What is the CRAG benchmark?

CRAG (Comprehensive RAG Benchmark) is a factual question answering benchmark consisting of 4,409 question-answer pairs across 5 domains (finance, sports, music, movie, open domain) and 8 question categories. The benchmark includes mock APIs to simulate web and Knowledge Graph search, designed to represent the diverse and dynamic nature of real-world QA tasks with temporal dynamism ranging from years to seconds. It evaluates retrieval-augmented generation systems for trustworthy question answering.

What is the CRAG leaderboard?

The CRAG leaderboard ranks 3 AI models based on their performance on this benchmark.
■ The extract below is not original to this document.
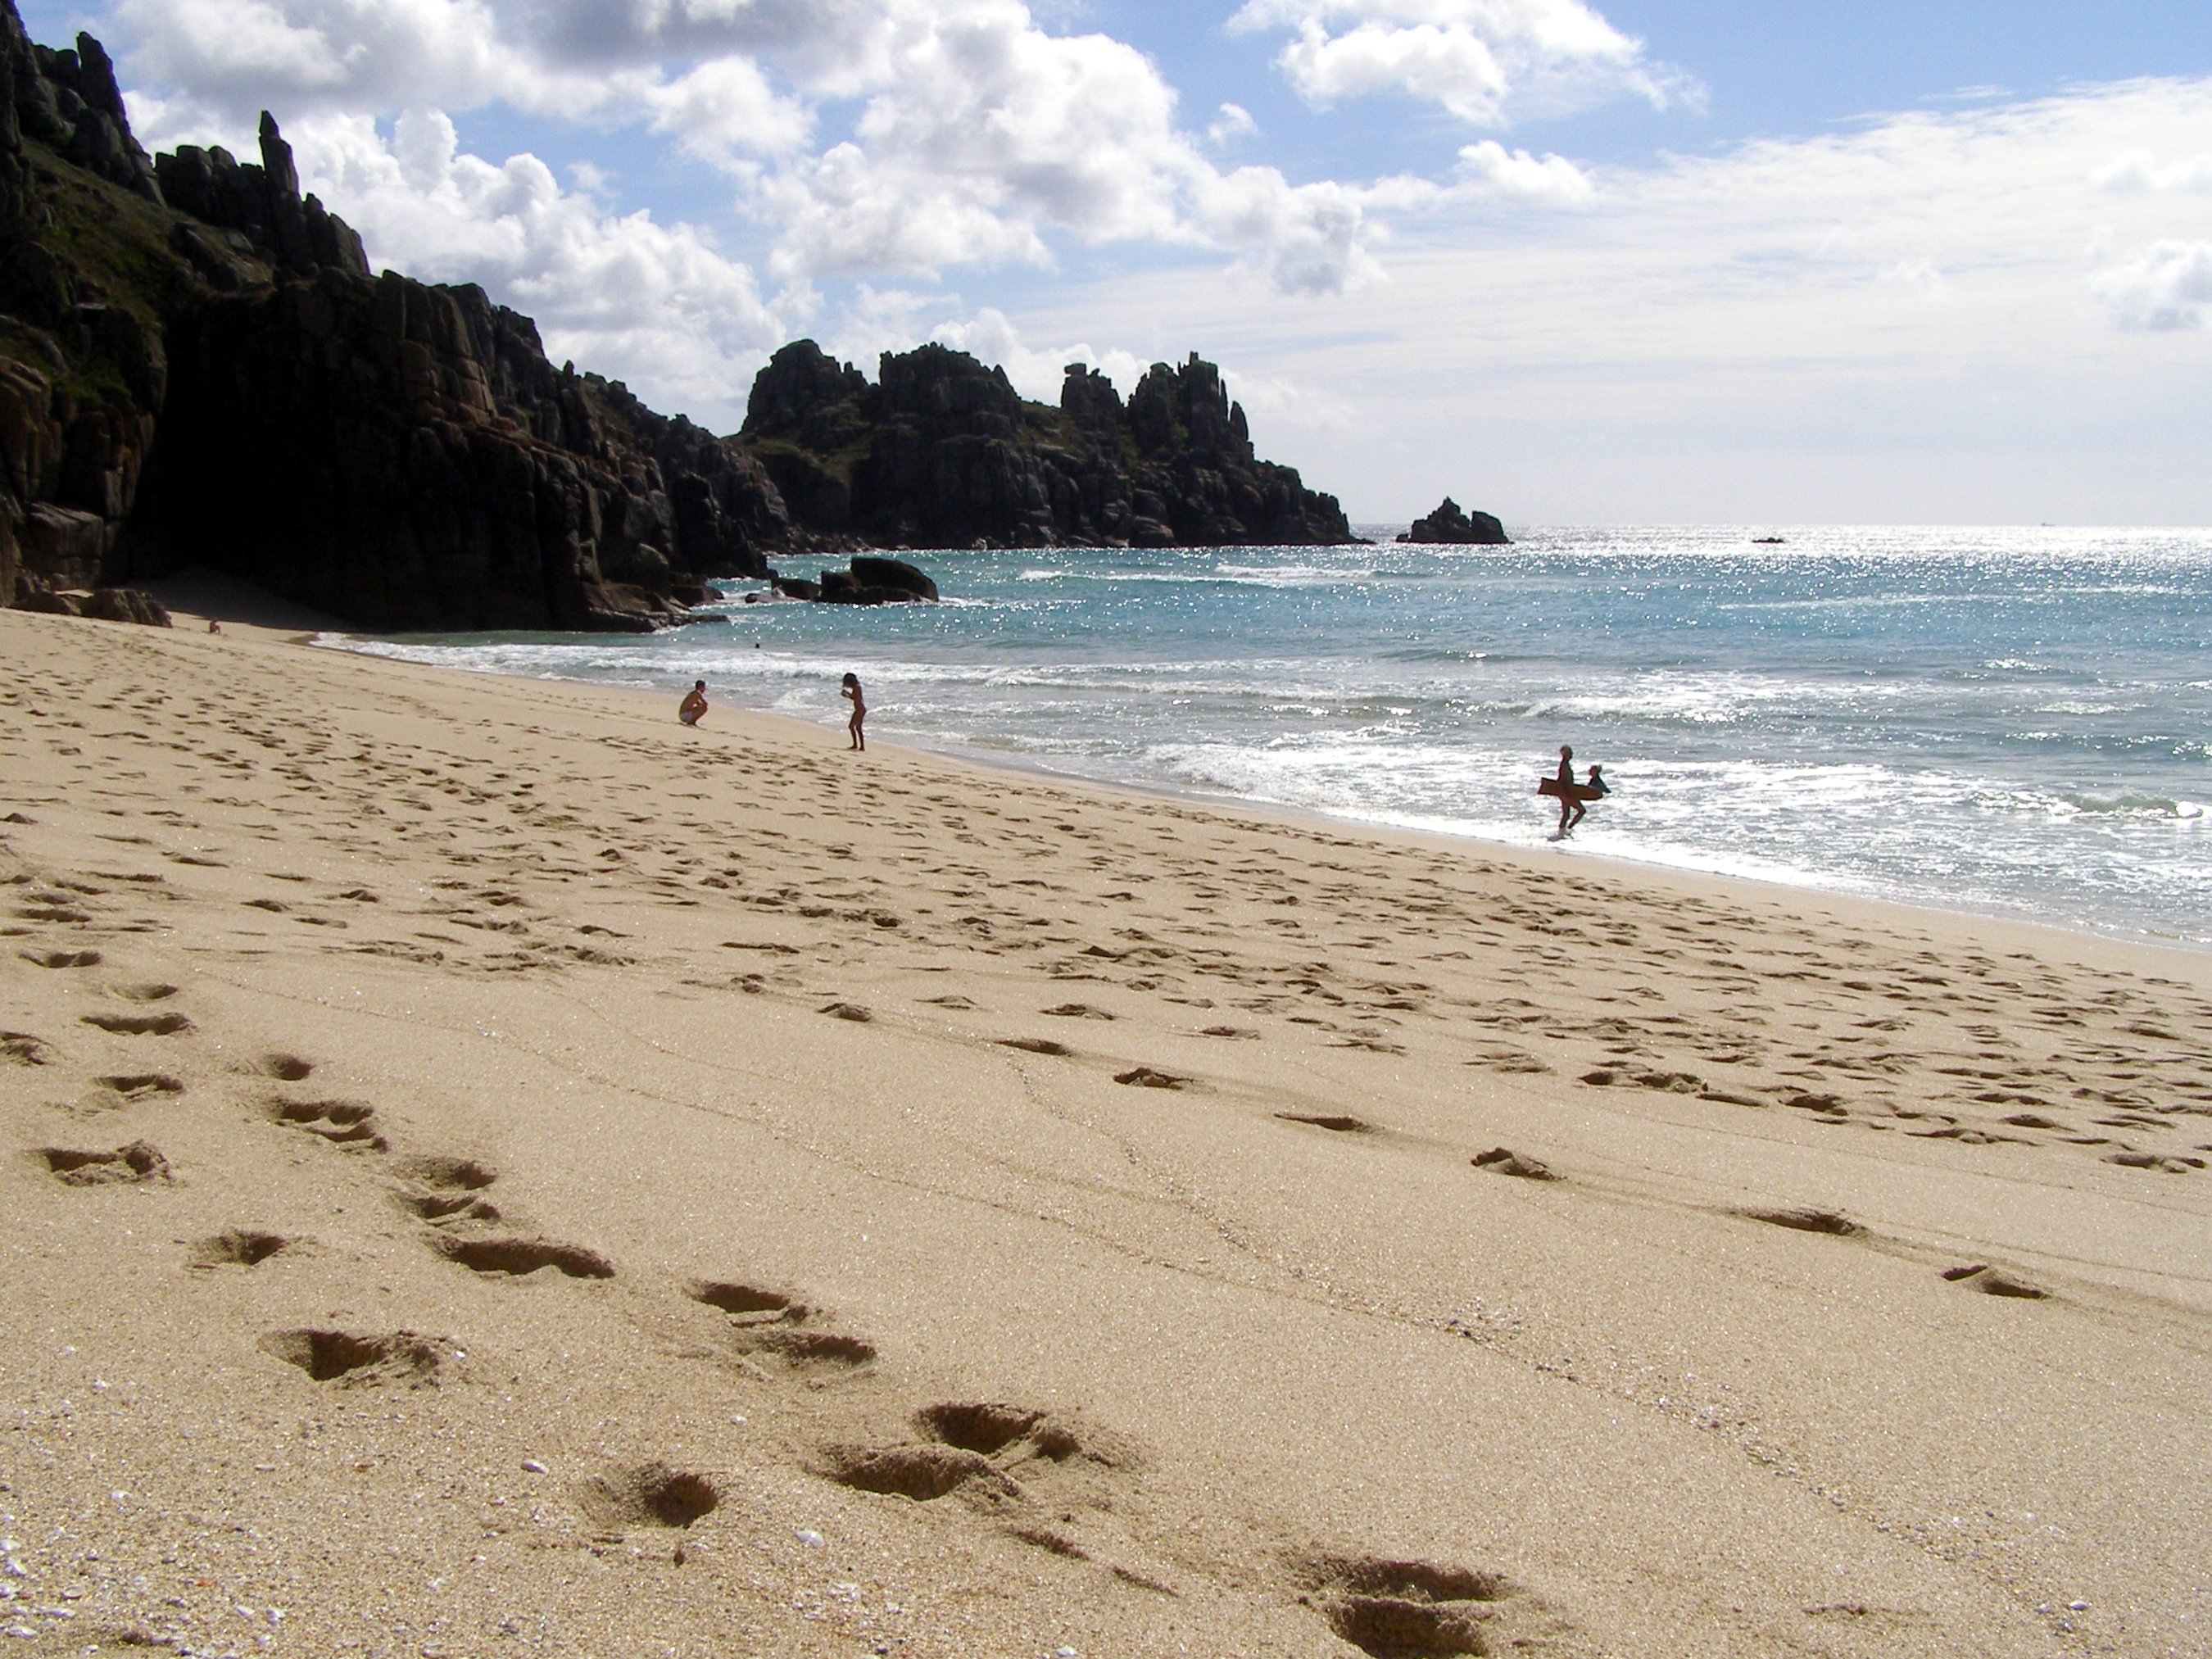 http://upload.wikimedia.org/wikipedia/commons/8/86/Pednvounder_beach_footprints.jpg
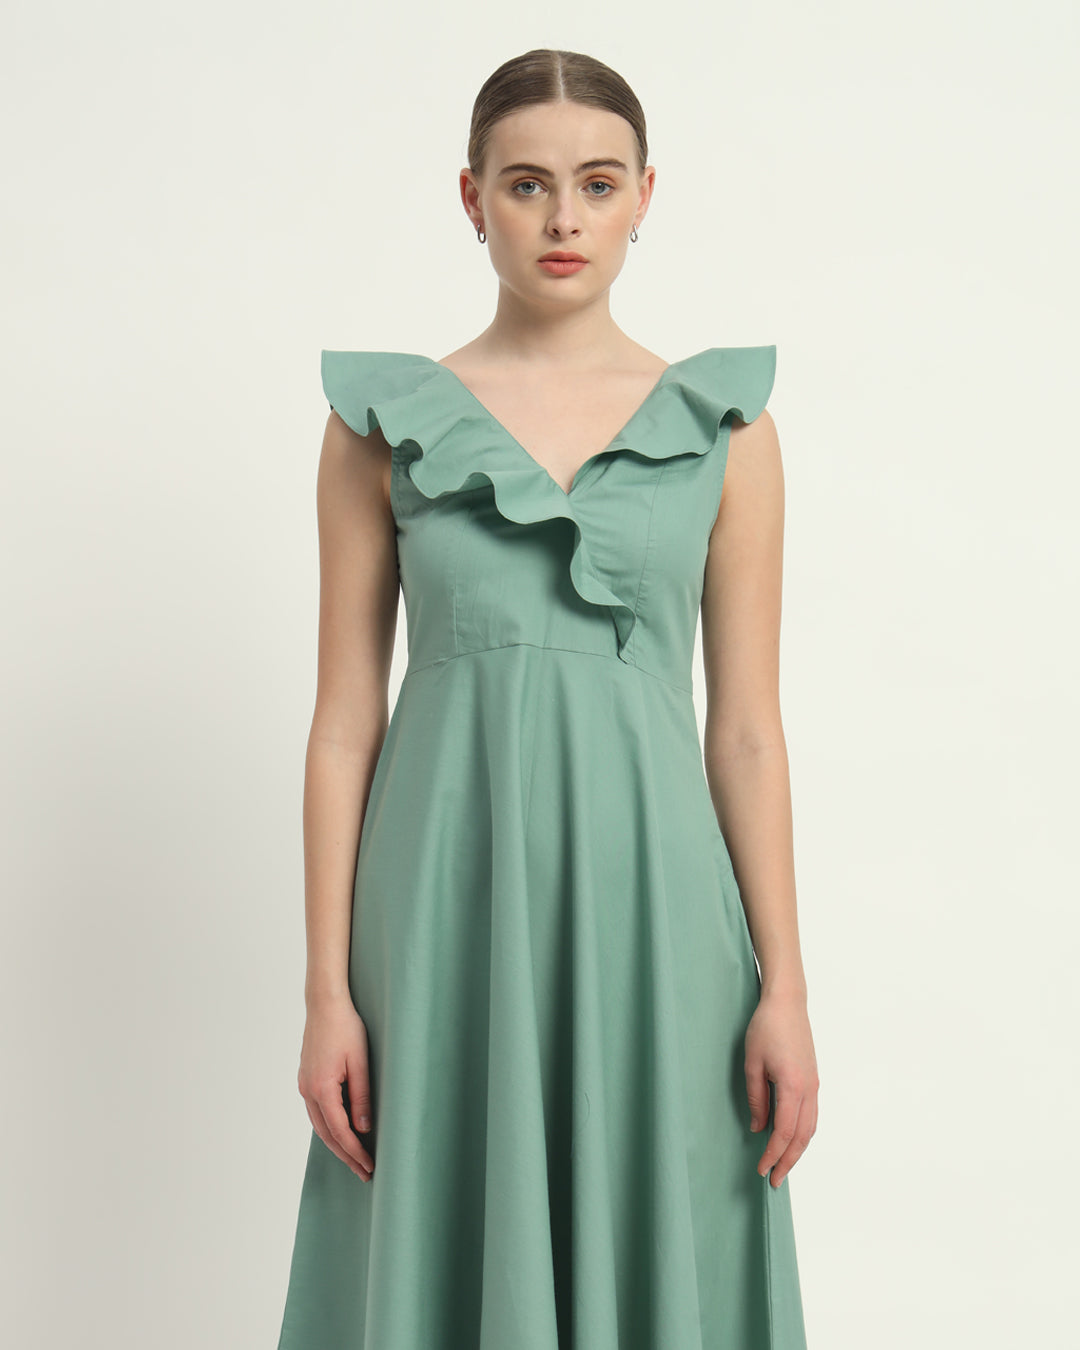 The Mint Albany Cotton Dress

Currently, Nova Pro by Amazon leads with a score of 0.503. The average score across all models is 0.457.

What is the highest CRAG score?

The highest CRAG score is 0.503, achieved by Nova Pro from Amazon.

How many models are evaluated on CRAG?

3 models have been evaluated on the CRAG benchmark, with 0 verified results and 3 self-reported results.

Where can I find the CRAG paper?

The CRAG paper is available at https://arxiv.org/abs/2406.04744. The paper details the methodology, dataset construction, and evaluation criteria.

What categories does CRAG cover?

CRAG is categorized under reasoning, search, finance, and economics. The benchmark evaluates text models.

How recent are the CRAG leaderboard results?

The CRAG leaderboard was last updated in July 2026 and currently includes 3 evaluated models.